* _PROBLEM_
No pictures belong in the copy. Retype exactly, and only, the stretch of lines below from the one with "mooi marmering. marmeren" through the one with "Хрестоматия по истории".
--- EXCERPTED RECORDS ---
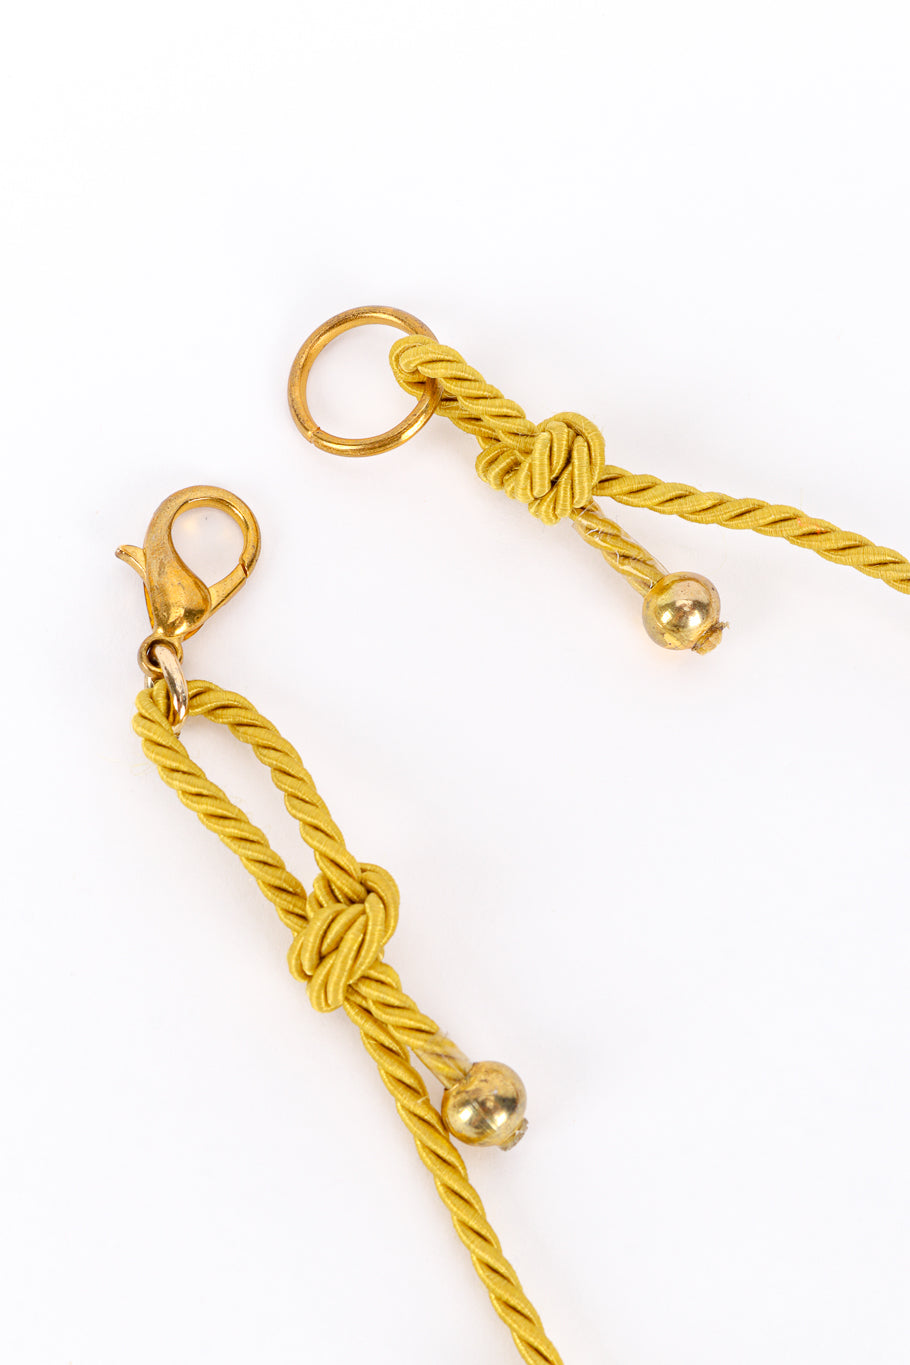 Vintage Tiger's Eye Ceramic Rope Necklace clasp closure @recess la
---
--- EXCERPTED RECORDS ---
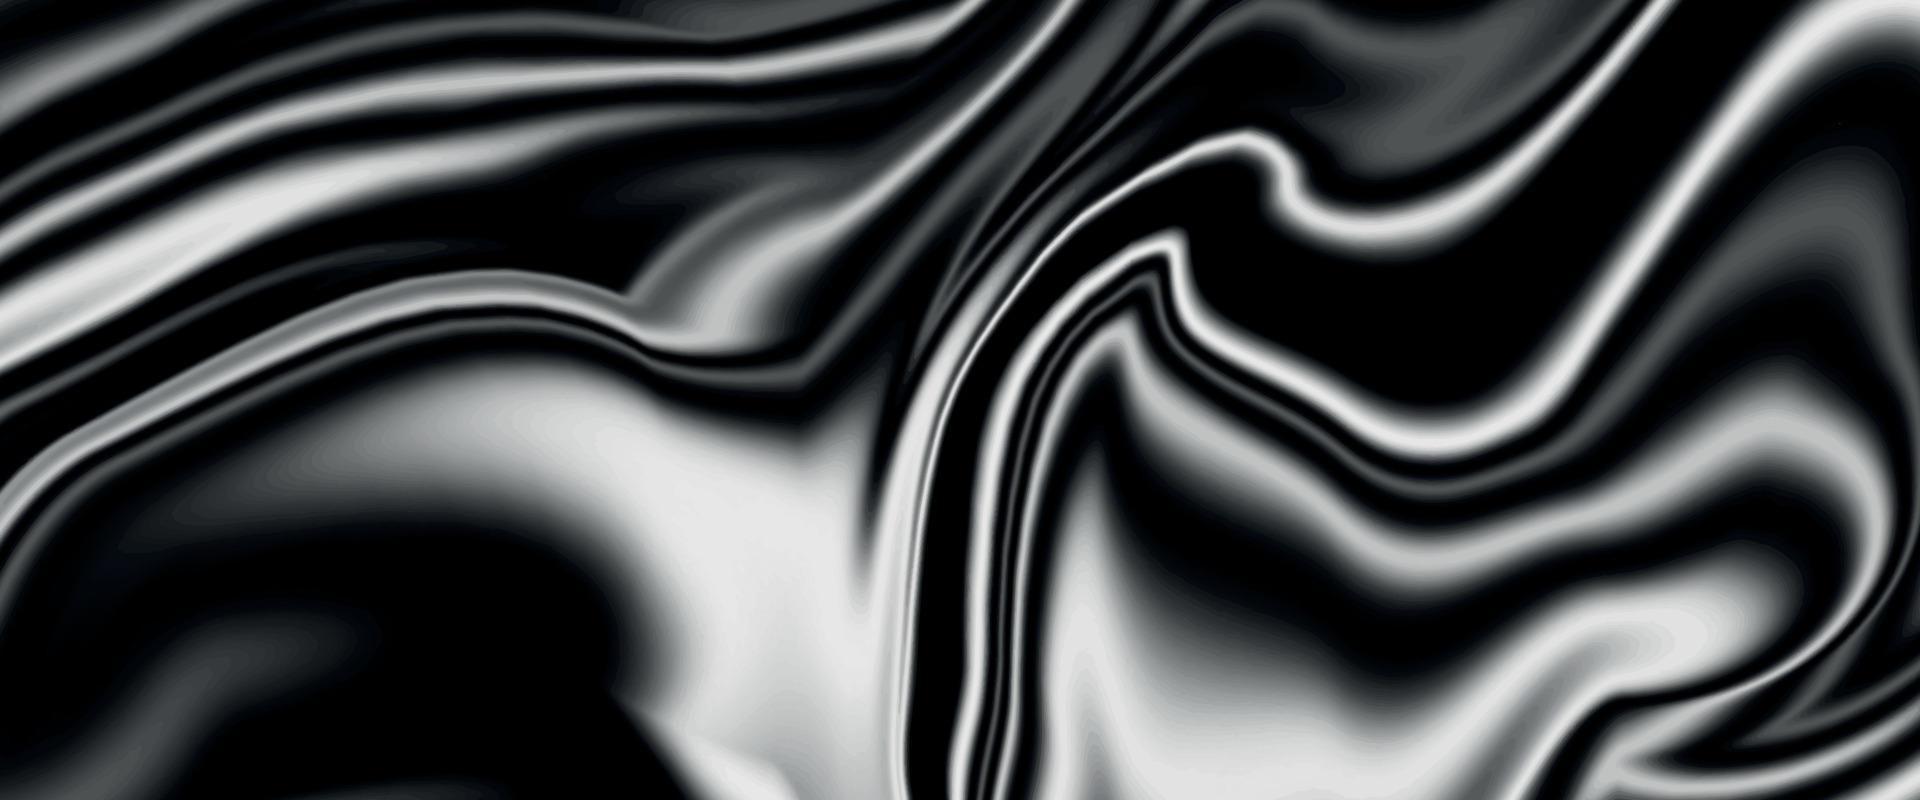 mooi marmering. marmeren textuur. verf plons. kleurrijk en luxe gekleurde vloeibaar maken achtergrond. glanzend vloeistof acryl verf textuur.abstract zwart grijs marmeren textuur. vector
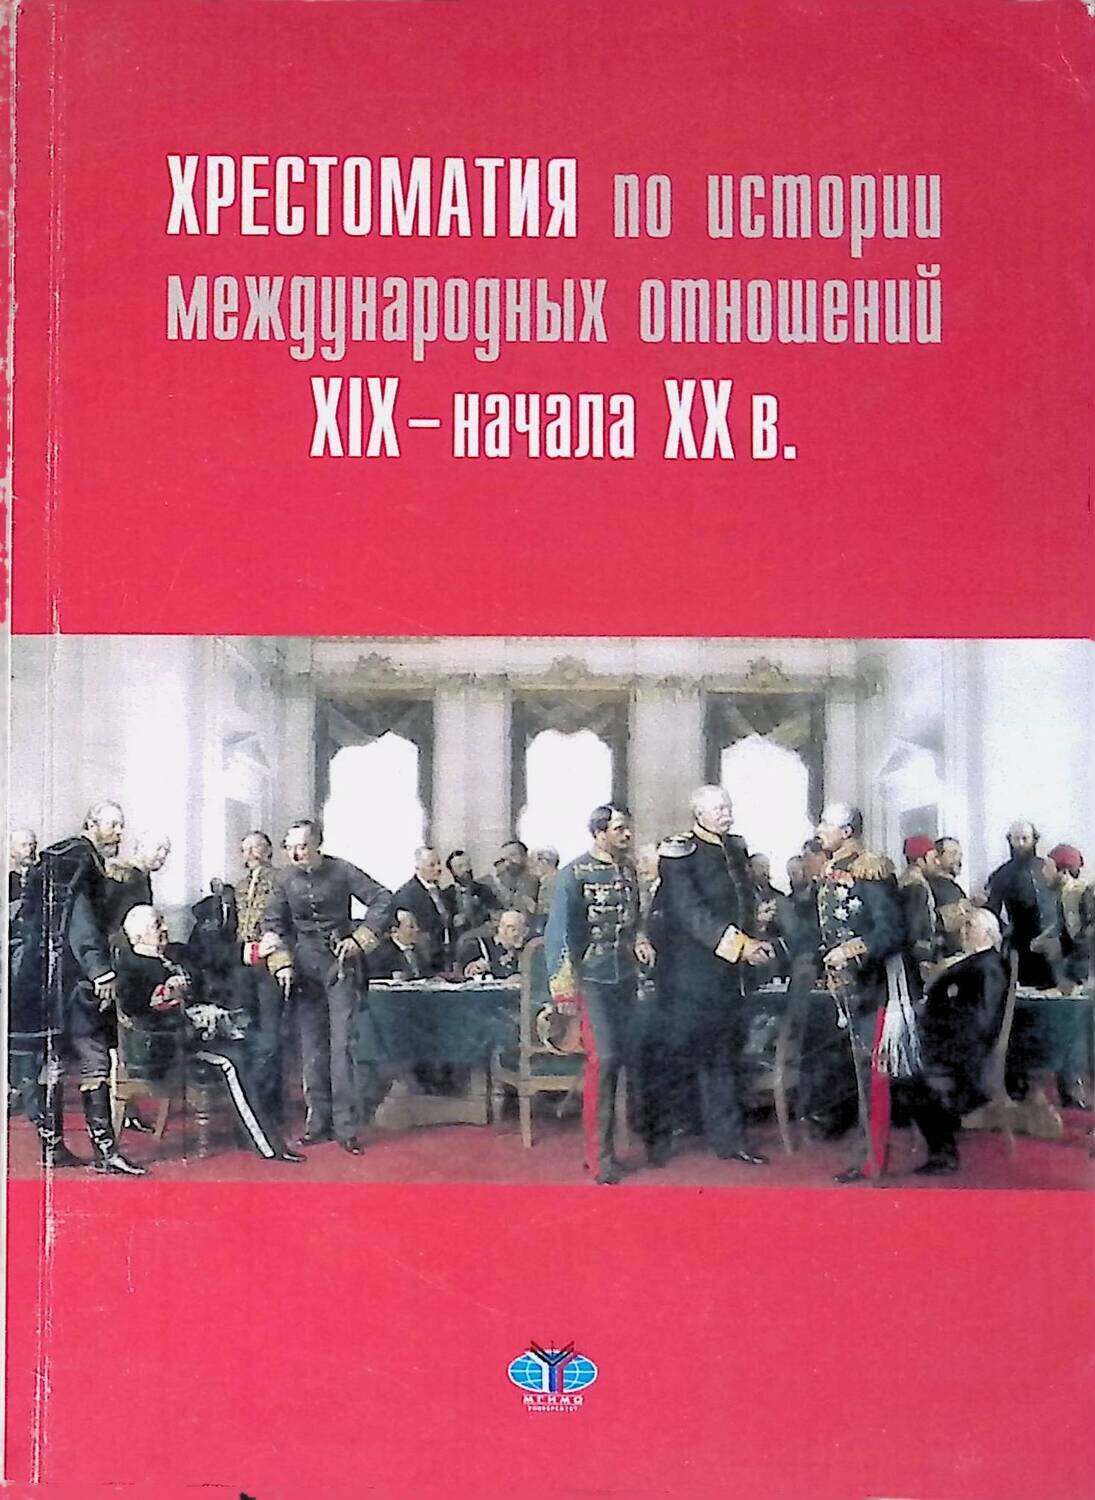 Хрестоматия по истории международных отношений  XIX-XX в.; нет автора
---
--- EXCERPTED RECORDS ---
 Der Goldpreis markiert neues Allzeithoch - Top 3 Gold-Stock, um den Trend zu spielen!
---
* _WRITTEN RESPONSE_
 mooi marmering. marmeren textuur. verf plons. kleurrijk en luxe gekleurde vloeibaar maken achtergrond. glanzend vloeistof acryl verf textuur.abstract zwart grijs marmeren textuur. vector
 Хрестоматия по истории международных отношений  XIX-XX в.; нет автора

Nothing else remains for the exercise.